Full truncate / generation numbering bug

Sep 24, 2010 by pauln

Full truncate causes the FID’s generation number to be increased. This is mainly for garbage collection purposes so that sliod objects may be garbage collected asynchronously. Upon being presented with a new FID/gen pair, sliod will create a new object. When dealing with full truncate this technique gets tricky. In single writer mode, we must ensure that queued writes, originating prior to the truncate are either not flushed at all and/or do not end up in the sliod object representing the new FID/gen pair.

In multi-writer mode each clients should be in directio mode, meaning that some relative order of operations can be implied. Therefore bdbuf’s with an old generation number may be targeted at the current backing file so long as a directio indicator is set. A directio indicator should be similar to the one used for O_APPEND writes.

Any read, regardless of its bdbuf’s generation number, should be targeted at the current sliod object.

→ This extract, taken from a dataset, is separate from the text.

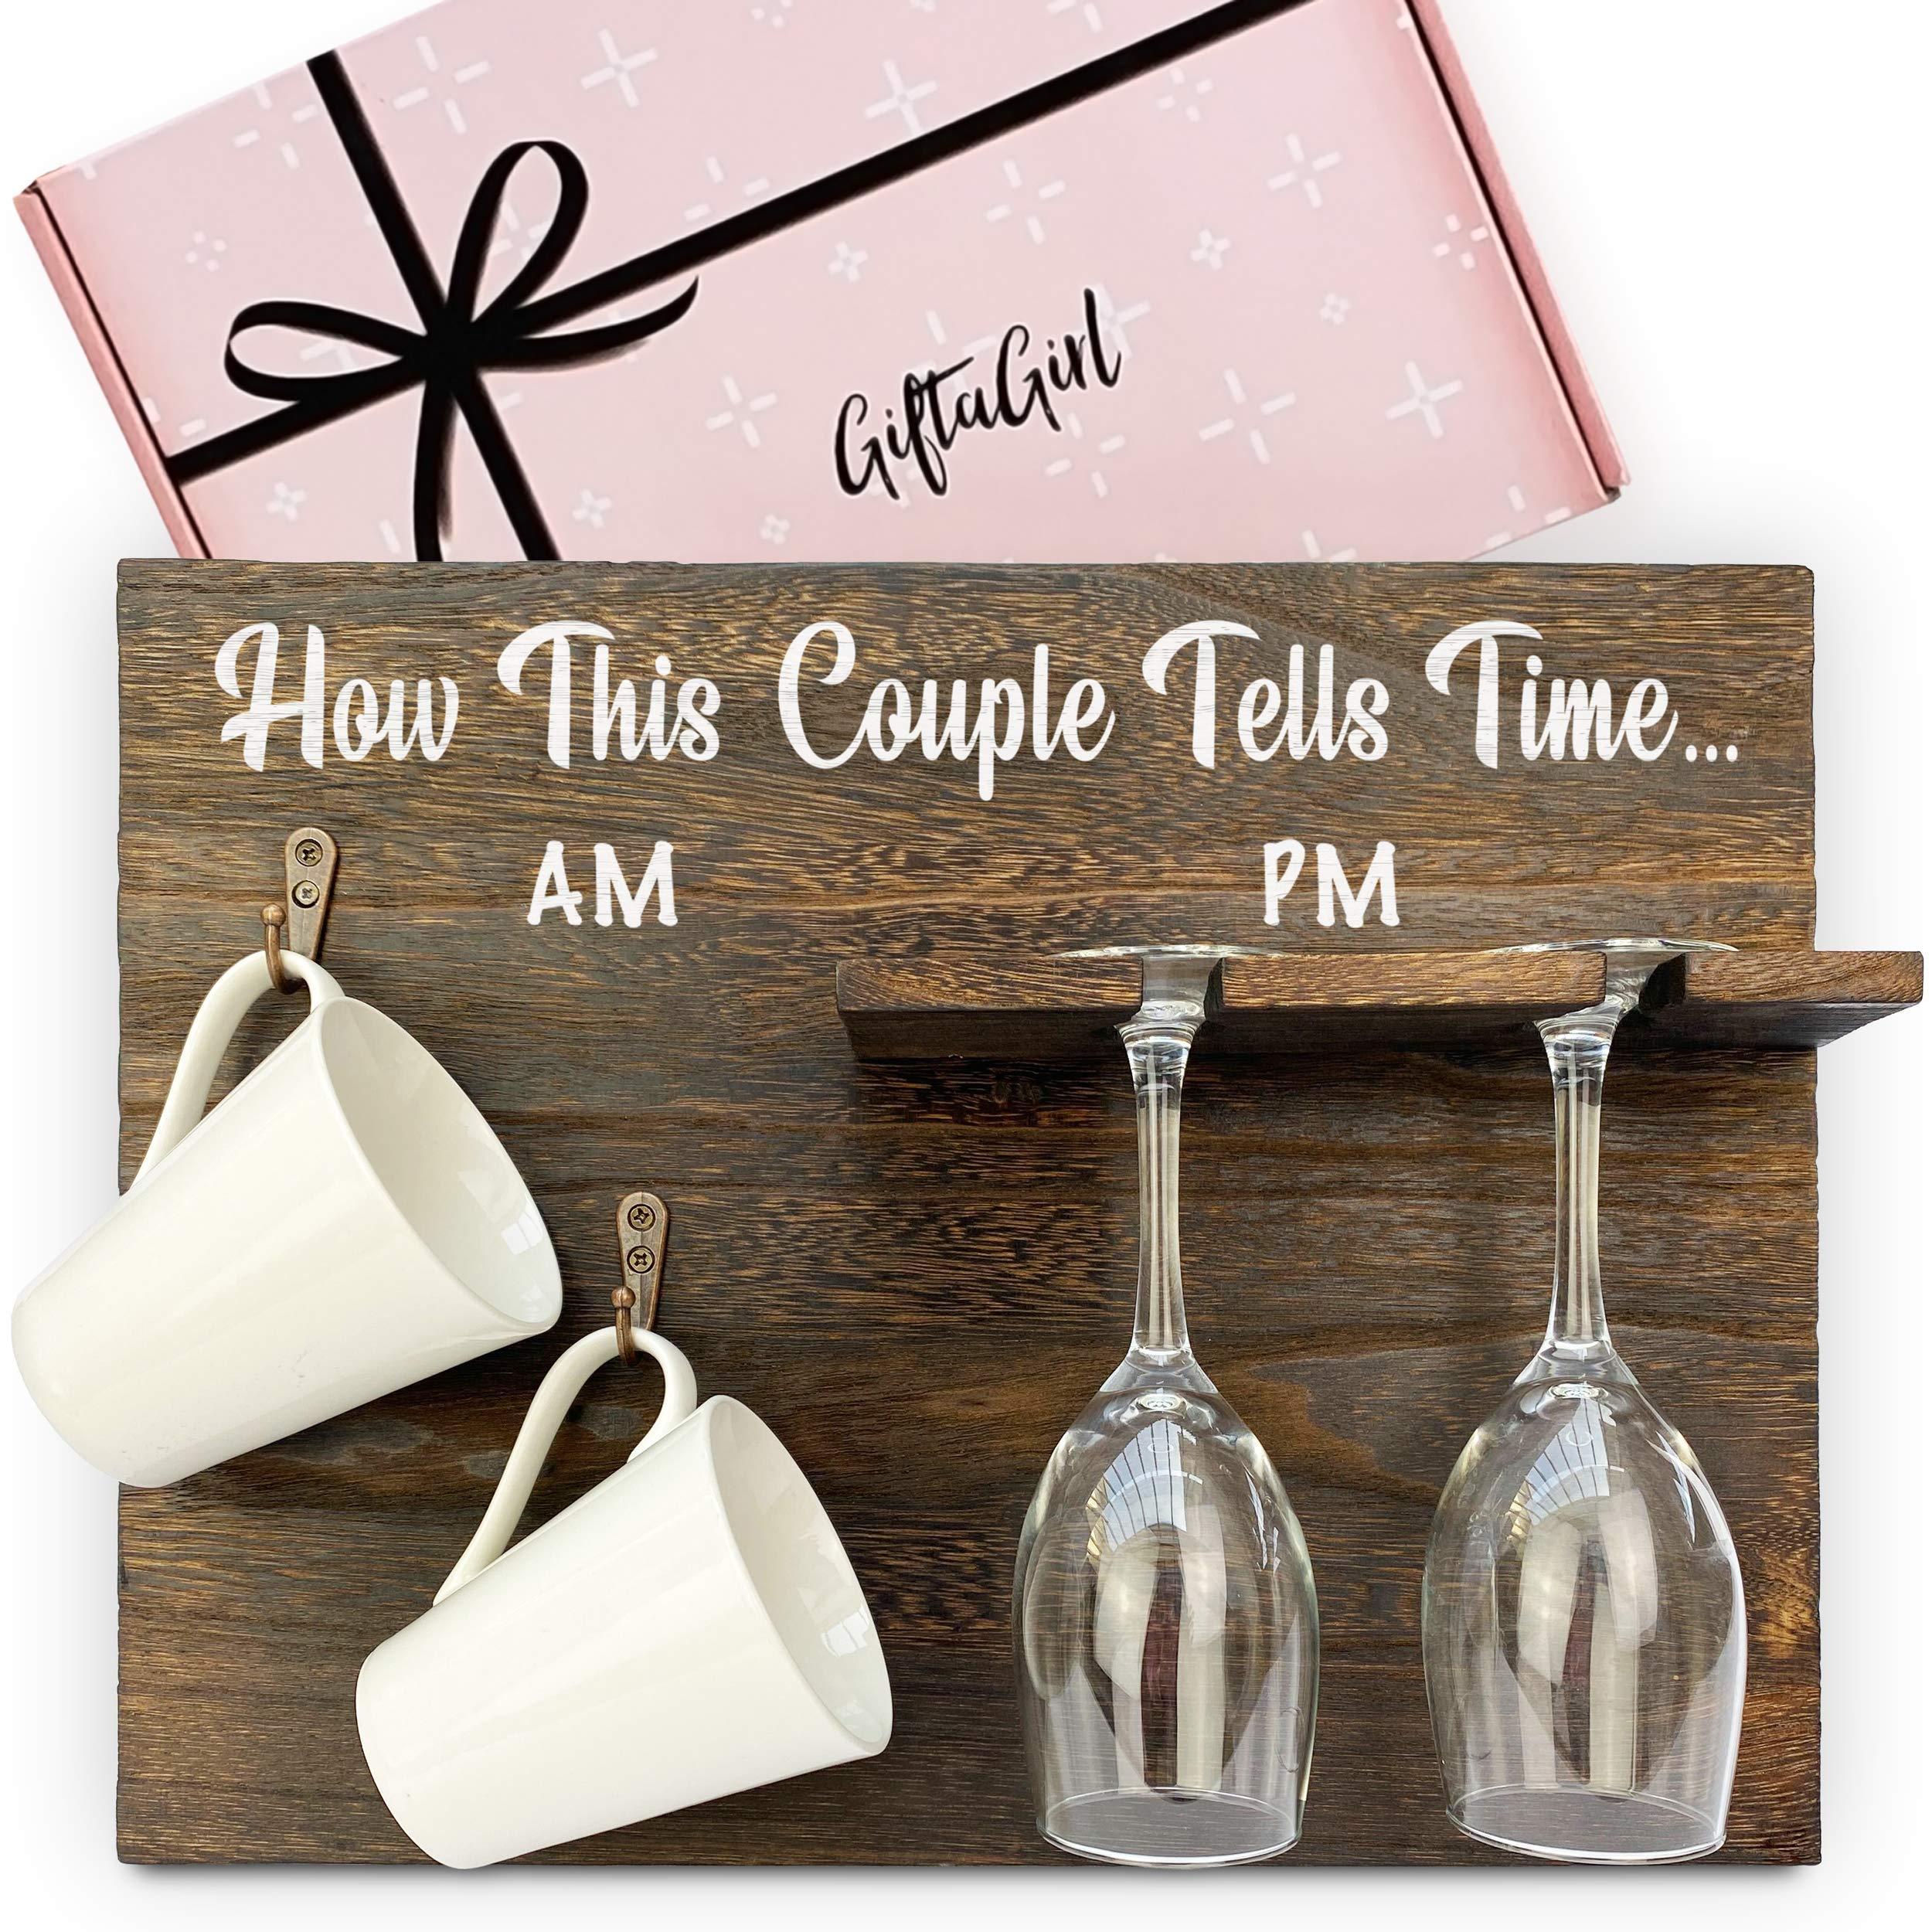 GIFTAGIRL Popular Engagement Gift for Couples or Wedding Gifts for Couple - Fun Couples Gifts for Husband and Wife. Engagement Gifts, Wedding Gift or Housewarming Gift. Mugs - Glasses Not Included

For now, our client-side implementation of truncate will work like this:

Full truncate:: All existing bmaps are "orphaned" so they may be replaced by bmaps with the most recent bdbuf tokens. Pending or inflight I/O's may still be processed. This is allowable because sliod will see that the generation number is old and that these are asynchronous writes. Therefore they will be dropped. The client could be made to cancel the flush operation for these writes too.
Partial truncate:: Block or cancel all writes past the truncation point so that asynchronous writes do not compromise the operational ordering.
Reads and DIO writes:: These always go the most recent object.

More fcmh generation number woes

Sep 20, 2010 by pauln

It seems there’s no good way for the MDS to inform the client, which holds existing bdbuf’s, that the generation number has changed. sliod relies on the bdbuf to authenticate the I/O from the client. However, when full truncates occur, there’s currently no good method for adjusting the generation number within existing bdbufs held by the client. The result is that I/O’s are being targeted to the incorrect backing file on sliod.

fcmh generation problems

Sep 20, 2010 by pauln

The method I’m exploring now is one where the clients will flush their bmap caches and release bdbufs for bmaps belonging to the truncated FID. We must ensure that no async I/O’s issued prior to truncate are sent to sliod before acquiring new bdbufs. Therefore we must lock the fcmh and iteratively free its bmaps prior to sending any truncate RPC to the MDS.

Verify that s2 generation number is being handled properly for CRC updates

Sep 16, 2010 by pauln

File size of 0 found during kernel untar

Sep 16, 2010 by pauln

I think this is due to several restarts of the MDS while I/O to the sliod was ongoing. Still tracking.

For now here’s a simple regression test to track this:

cli1:

(cd /tmp/ && tar jxf ~pauln/linux-2.6.34.tar.bz2 && find linux-2.6.34 -type f -exec md5sum {} ; > /tmp/md5s)

cli2:

(~pauln/s2reg/kernel.sh > /dev/null)